С августа 1992 года пребывавшая, как и вся реформируемая Россия, не в лучшей экономической кондиции, Северная Осетия заявляет о начале инвестирования в восстановление югоосетинских районов, а в осенние месяцы шлет туда продовольственные поезда [СО, 1992, 8 августа и 27 октября]. Причем владикавказская пресса не забывает отмечать срывы Грузией всех ее обязательств по реконструкции Южной Осетии и готовность России взять эту реконструкцию полностью на себя [СО, 1992, 31 октября]. Когда в ноябре войско Тезиева, появившись под Владикавказом, отличилось на войне с ингушами и южане, наотрез отклонив предложенную им в то время Шеварднадзе культурную автономию, вновь просили о включении их в Россию, Галазов сделал заявление, еще более многозначительное. Как «легитимист» «подтвердив, что Северная Осетия выступает против перекройки границ на Кавказе», и повторив, что «в нынешней ситуации Южная Осетия должна быть суверенной республикой в составе Грузии», он тут же оценил ходатайство в целом прилагательным «несвоевременное», что вносило особый смысловой оттенок в трактовку проблемы [СО, 1992, 25 ноября]. Не проходит и двух месяцев, как парламенты обеих Осетий создают смешанную рабочую группу «для изучения исторической и правовой мотивации современного состояния… выработки предложений по воссоединению» [СО, 1993, 27 января]. Через неделю после этого шага Верховный Совет Северной Осетии потребовал от Ельцина «признания Российской Федерацией республики Южная Осетия в ныне существующих границах» и в целом «при определении отношений с Грузией… учитывать и жизненные интересы Северо-Осетинской ССР как составной части Российской Федерации и при ее активном участии решать вопросы, имеющие огромное значение для обеспечения мира и безопасности в Северо-Кавказском регионе». Самое же главное – утверждалось, что существующими правовыми документами по существу «российско-грузинская граница не определена» и должна быть прочерчена заново комиссией, куда вошли бы наряду с представителями Москвы и Грузии также северные и южные осетины [СО, 1993, 3 февраля]. Тем самым совесть Галазова как «легитимиста» оказывалась белоснежно чиста: он требовал не пересмотра границ, а «делимитации и демаркации» пока еще отсутствующей де-юре границы «на осетинском участке». Не дождавшись ответа от Москвы, через месяц галазовский Верховный Совет сам объявляет о признании им суверенной Республики Южная Осетия [СО, 1993, 2 марта].

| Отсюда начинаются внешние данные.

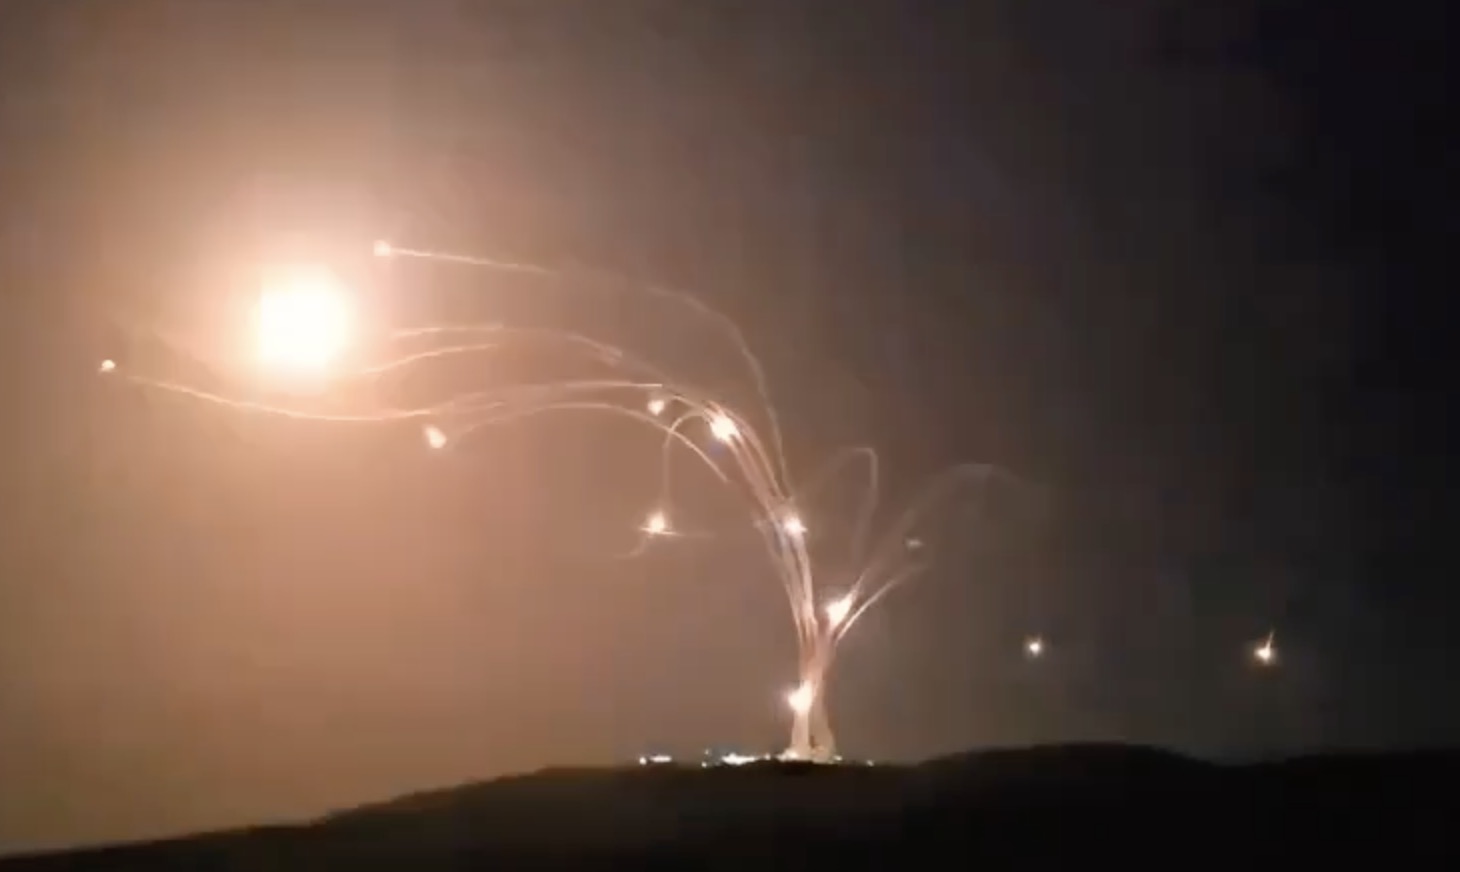 Le dôme de fer Israélien intercepte 80 roquettes tirées par le Hezbollah (Liban)

Итак, можно утверждать, что на рубеже 1992–1993 годов руководство Галазова – Хетагурова четко прочертило свою стратегию в югоосетинском вопросе, оперши ее на формулу «югоосетинской суверенной республики с неприкосновенными границами, получающей признание за грузинскими пределами» – формулу, совершенно неприемлемую для грузин, но против которой не могла бы возразить ни одна сила в насквозь федерализующейся России, в том числе и на Северном Кавказе. Российский федерализм начинает использоваться Владикавказом для «легитимного» наползания на Грузию.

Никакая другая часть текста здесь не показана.